The custom rules file docker_rules.xml might be removed during an upgrade. Ensure to back up the file before you perform upgrades.

7. Restart the Wazuh manager to apply the above changes:

# systemctl restart wazuh-manager

Testing the configuration

To showcase the use cases mentioned above, Nginx, Redis, and Postgres images are used to create a containerized environment on the monitored endpoint.

1. Create and switch into a project directory /container_env for the container environment using the following command:

$ mkdir container_env && cd $_

2. Create a Docker compose file docker-compose.yml and add the following configurations to it.
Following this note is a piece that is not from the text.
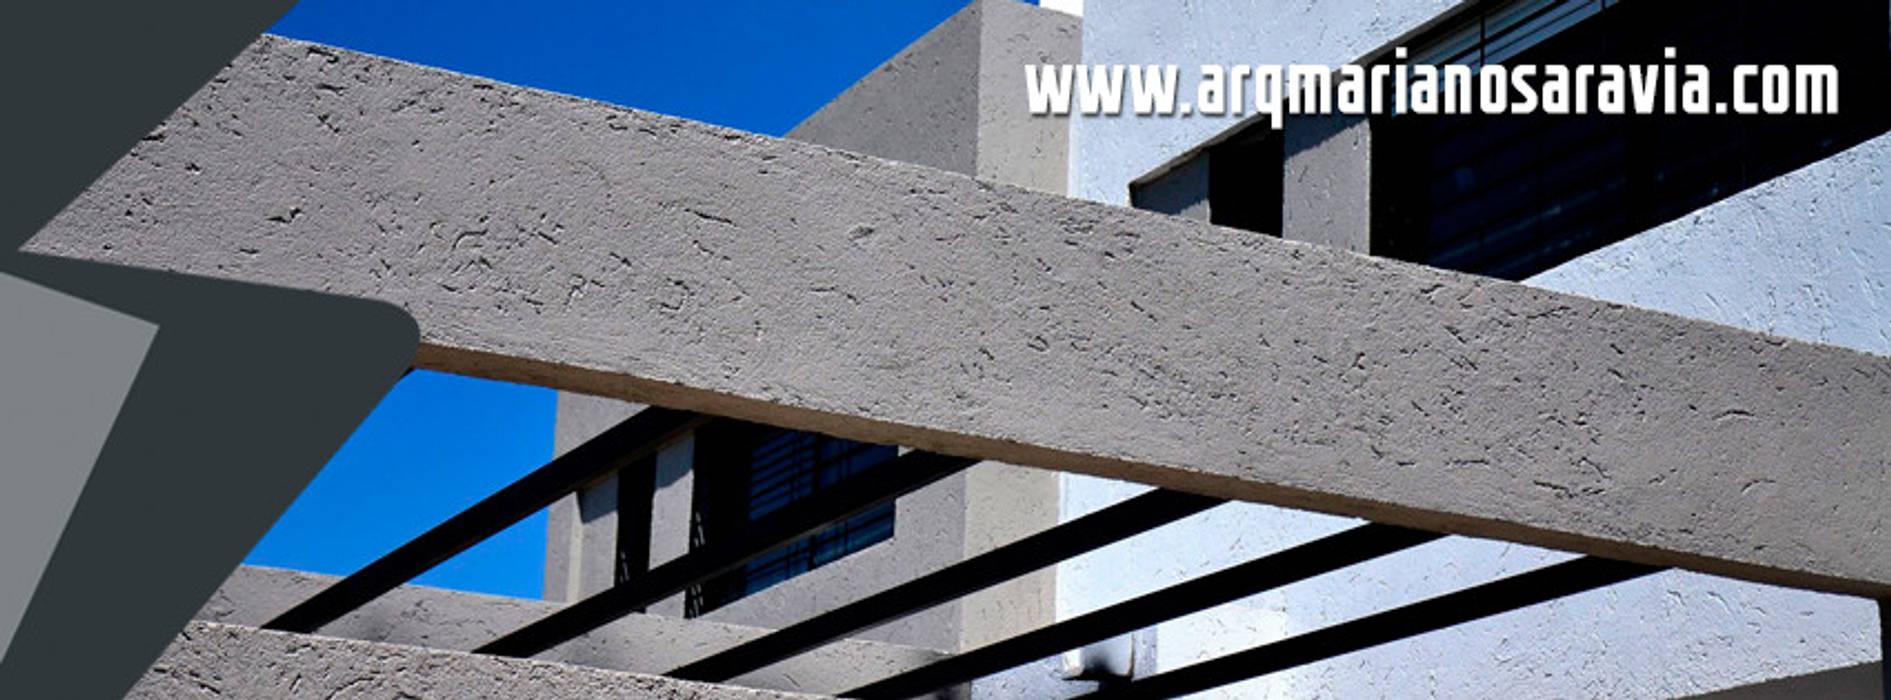 Proyectos de Arq. Mariano Saravia

The Docker compose file helps to manage multiple containers at once. The configuration performs the following Docker actions:

  • Pulls Nginx, Redis, and Postgres container images from Docker Hub.
  • Creates and starts nginx-container, redis-container, and postgres-container containers from the respective Docker images.
  • Creates and connects to a network called container_env_network.
  • Creates and mounts volumes container_env_db and container_env_cache.
  • Performs health checks on the created containers every three minutes.
version: '3.8'

services:
  db:
    image: postgres
    container_name: postgres-container
    restart: always
    environment:
      - POSTGRES_USER=postgres
      - POSTGRES_PASSWORD=postgres
    healthcheck:
      test: ["CMD-SHELL", "pg_isready"]
      interval: 3m
      timeout: 5s
      retries: 1
    ports:
      - '8001:5432'
    dns:
      - 8.8.8.8
      - 9.9.9.9
    volumes:
      - db:/var/lib/postgresql/data
    networks:
      - network
    mem_limit: "512M"

  cache:
    image: redis
    container_name: redis-container
    restart: always
    healthcheck:
      test: ["CMD", "redis-cli", "--raw", "incr", "ping"]
      interval: 3m
      timeout: 5s
      retries: 1
    ports:
      - '8002:6379'
    dns:
      - 8.8.8.8
      - 9.9.9.9
    volumes:
      - cache:/data
    networks:
      - network
    mem_limit: "512M"

  nginx:
    image: nginx
    container_name: nginx-container
    restart: always
    healthcheck:
      test: ["CMD-SHELL", "stat /etc/nginx/nginx.conf || exit 1"]
      interval: 3m
      timeout: 5s
      retries: 1
    ports:
      - '8003:80'
      - '4443:443'
    dns:
      - 8.8.8.8
      - 9.9.9.9
    networks:
      - network
    mem_limit: "512M"

volumes:
  db: {}
  cache: {}
networks:
  network:

3. Execute the following command in the path containing the docker-compose.yml file to create and start the containers:

$ sudo docker compose up -d

4. we use the stress-ng utility program to test for high CPU and memory utilization. Perform this test on one of the containers, for instance, the nginx-container

  • Execute the following commands to enter the container shell and install the stress-ng utility: 
# docker exec -it nginx-container /bin/bash
# apt update && apt install stress-ng -y
  • Execute the following command to trigger a high-level alert when both CPU and memory utilization exceeds 80%. The command runs for 3 minutes.
# stress-ng -c 1 -l 80 -vm 1 --vm-bytes 500m -t 3m
  • Execute the following command to trigger a high-level alert when memory usage exceeds 80%. The command runs for 3 minutes.
# stress-ng -vm 1 --vm-bytes 500m -t 3m
  • Execute the following command to trigger a high-level alert when CPU usage exceeds 80%. The command runs for 3 minutes.
# stress-ng -c 1 -l 80 -t 3m

5. The health check for the nginx-container verifies whether the configuration file /etc/nginx/nginx.conf exists. While inside the container shell, delete the configuration file to trigger a high-level alert when the container becomes unhealthy:

# rm /etc/nginx/nginx.conf

Alert visualization

Visualize the triggered alerts by visiting the Wazuh dashboard.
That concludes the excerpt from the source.